Yesterday I spent time at the free clinic that the ob-gyn residents run for indigenous patients. The last patient we saw that day was a post-menopausal elderly woman who presented with chronic cystocele and rectocele issues. This patient had already had significant spinal surgeries in the past and was wary of the complications involved in the post-surgical healing process. My resident showed a remarkable amount of tact over discussing the option of surgery. From a physician point of view, it's easy to take such delicate matters lightly when discussing patient options. It would be nice to believe that the decision is a simple yes or no decision or as medical people like to put it, "a matter of doing what's best for you," but the cost of surgery is more than a financial one; it is also an emotional and social one as well. Several times over the interview, my resident repeated herself to the patient regarding treatment options and quality of life issues. On one hand, this took more time, but on the other hand, I believe it also played a role in helping the patient make her decision. In the end, the patient still had to weigh her options.
Today, I went to see an ophthalmologist in town to discuss possible cataract surgery. The group here in town has a cushy facility that is a stark contrast to the clinic I spent time in the day before. The place was packed with the elderly. Having had to deal with congenital cataracts growing up, this was an all too familiar setting.
Somewhere in the large waiting room, an elderly lady voice asked a nurse,"Excuse me ma'm. Did they forget about me?"
As I ran through the litany of eye exams--the measurements, the letter charts, the dilation drops--I became increasingly impatient over the whole process. These were the things I had gone through my entire life, but over the past couple years, my failing eye sight had become a bit of sore topic whenever it came up among my classmates who really never understood quite what I was going through. "You really should get those checked out," they would say, or "I think you need glasses or something." These were the words of future physicians of the future. Beware of such "sympathies."

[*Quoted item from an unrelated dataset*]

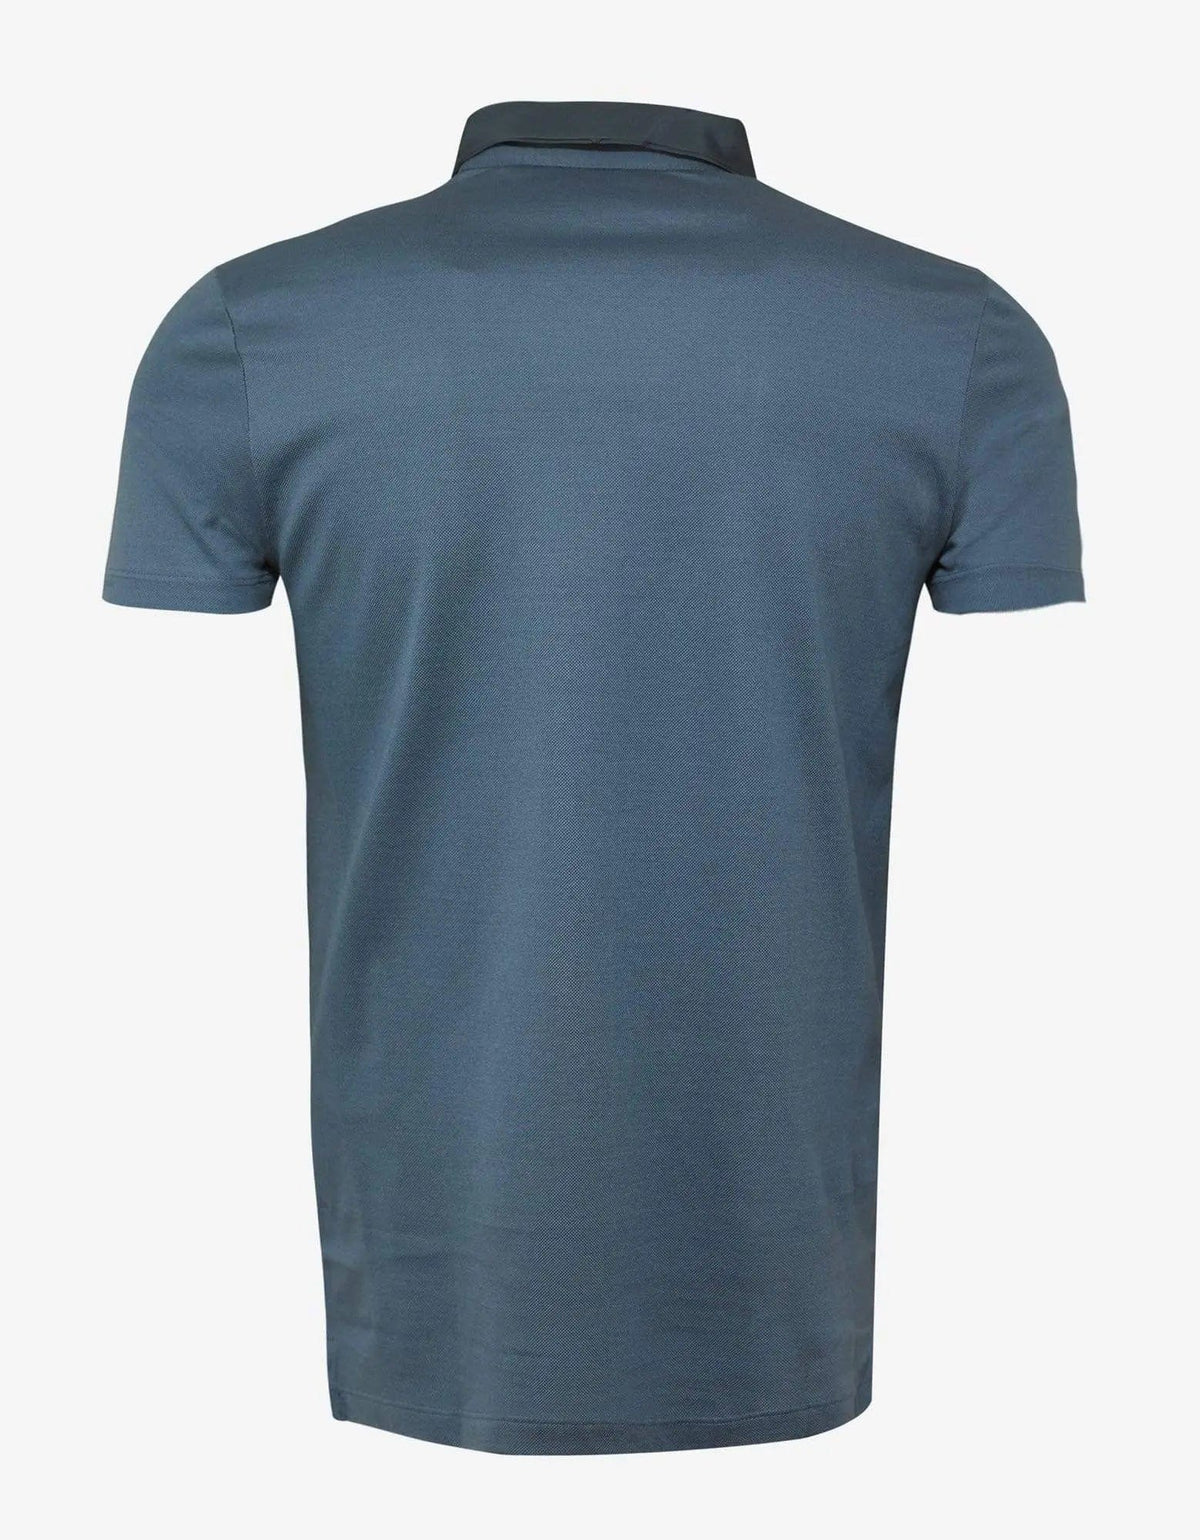 Lanvin Lanvin Metallic Blue Polo T-Shirt with Grosgrain Collar

The ophthalmologist was a middle-aged male physician. A brief greeting without the handshake tipped me off that he might have been in a hurry, and as the interview progressed it became even more apparent that he was probably thinking more about the long line of people in the waiting room. He took a look at my eyes and asked me the purpose of this meeting. i told him my concerns and he presented with the surgical options. Somewhere in the conversation, the "doing what's best for you" cliche came out. When I had concerns about scheduling and financing, he referred me to his nurses. When I asked him about recent studies over new lens implants, he said they were "very good." As the conversation progressed, I began to feel hurried in my questions and concerns and increasingly irritated as well. I found myself repeating similar concerns because I sensed a growing anxiety within myself, but the hurried doctor sensed none of this. The interview ended with him getting up before me and having his nurse guide me out the door.
The moment a physician begins to feel or act hurried, regardless of how behind he or she is, you lose the essence of what it means to be a physician. What you essentially tell a patient through your body language or lack of explanation is that your time and comfort is more important than their well-being. Emotions are messy; they are, by definition, inefficient. They do not fit in your 15 minute blocks that a physician constructs in his or her schedule. I have little sympathy for doctors that take on heavy schedules to make more money at the cost of quality of patient interaction, especially in a private practice setting.
Driving home, I realized two things. One, I was going to find another one of his partners to do the surgery. Two, if I ever became a physician, I hoped that I would never conduct myself in such a manner. I understand stress makes people do things they might not normally do, but the doctor left a sour taste in my mouth. It's encounters such as the one I had today that make me even more cynical about the medical profession. Fortunately, for every doc like this one, I have had the chance to be with others, such as the ob-gyn resident, who demonstrate the ideals that I struggle to hold to as I continue in my medical training.